In this case, the initial pressure (P1) is 3600 torr, the final volume (V2) is unknown, the number of moles (n) is 2, the ideal gas constant (R) is 0.08206 L·atm/(mol·K), and the temperature (T) is 300 K.

First, let's convert the initial pressure from torr to atm:
3600 torr * (1 atm / 760 torr) = 4.74 atm

Now, we can rearrange the ideal gas law equation to solve for V2:
V2 = (P2 * V1) / P1

Plugging in the values:
V2 = (4.74 atm * 25 L) / 3600 torr

Now, we need to convert the final volume from liters to m^3 (SI units):
V2 = ((4.74 atm * 25 L) / 3600 torr) * (1.01325 × 10^5 Pa / 1 atm) * (1 m^3 / 1000 L)

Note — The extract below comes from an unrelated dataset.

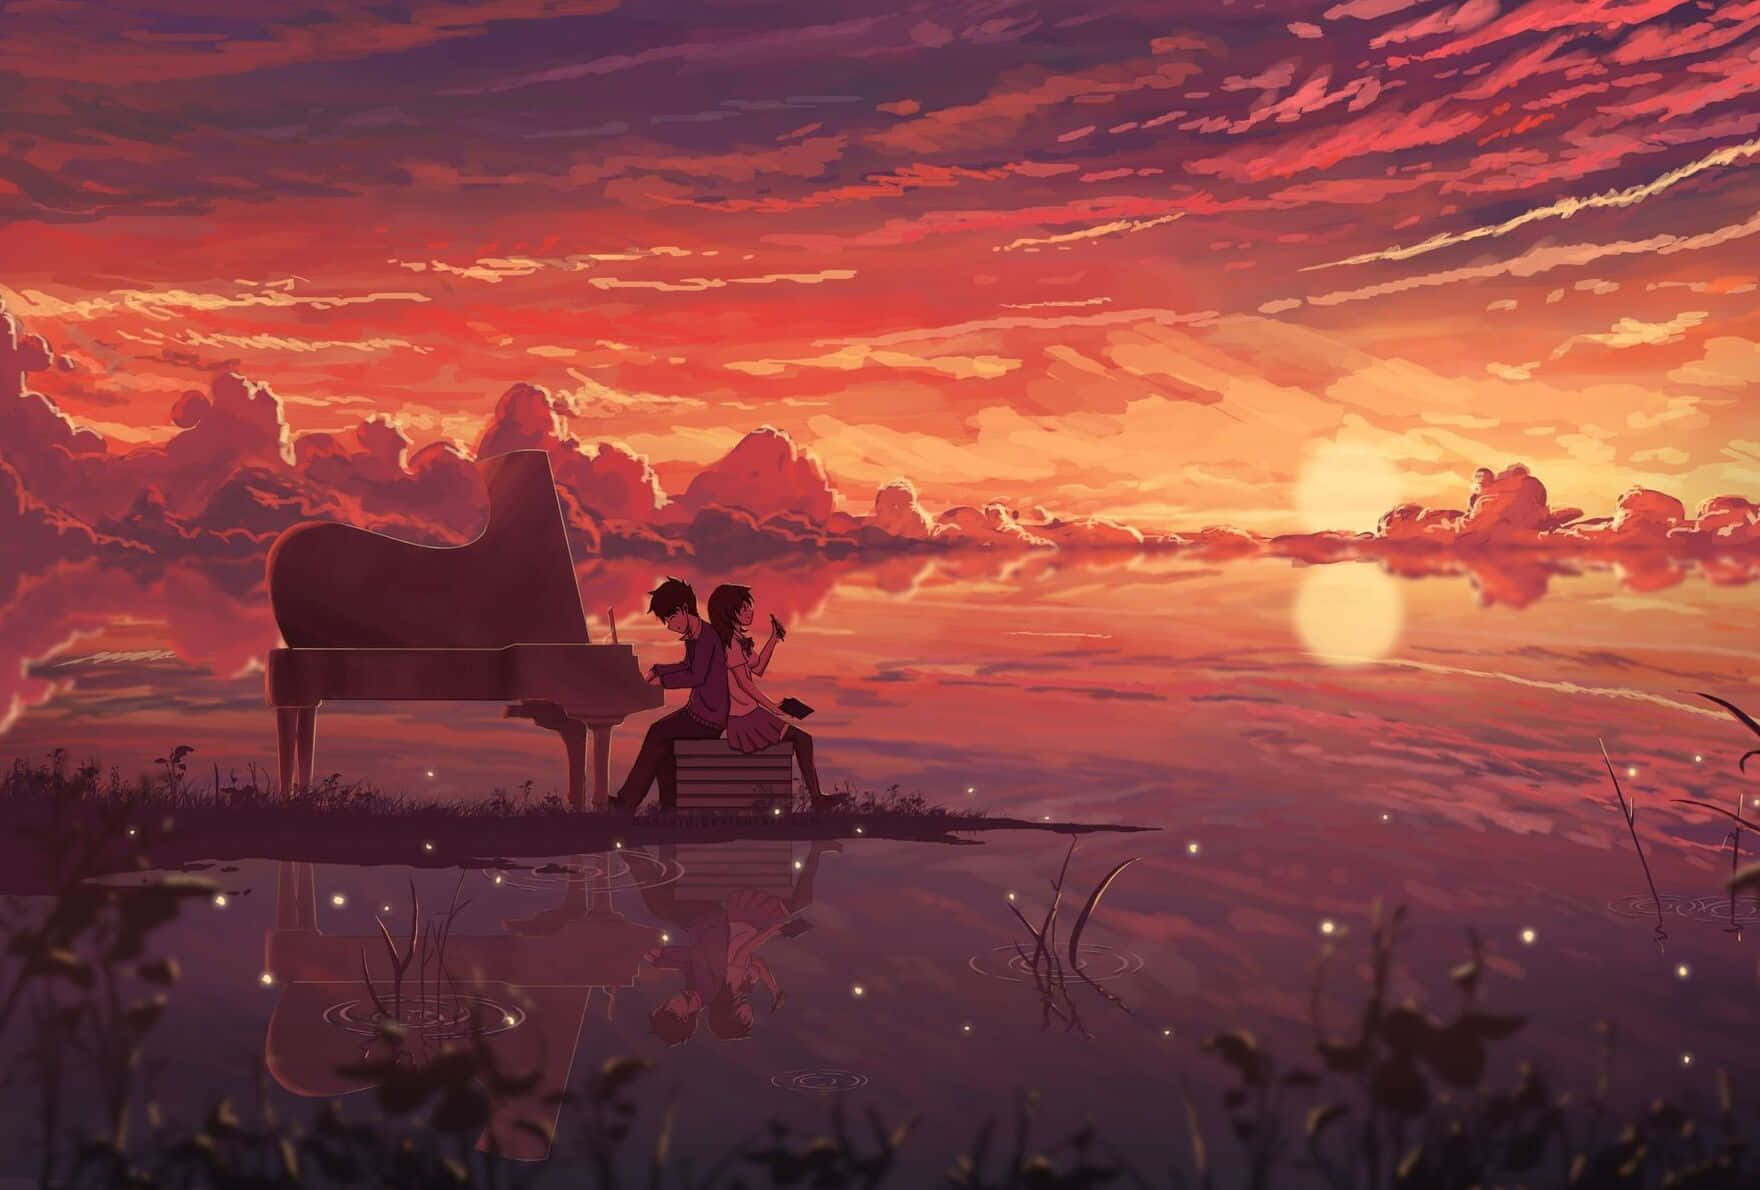 Looking for nostalgia? Dive into these beautiful Anime Art scenes.

Calculating this, we find V2 ≈ 0.03465 m^3.

Finally, we can substitute the values of n, R, and V2 into the entropy change equation to find ΔS:
ΔS = (2 moles * 8.314 J/(mol·K)) * ln(0.03465 m^3 / 25 L)

Simplifying this expression will give us the entropy change of the gas (ΔS).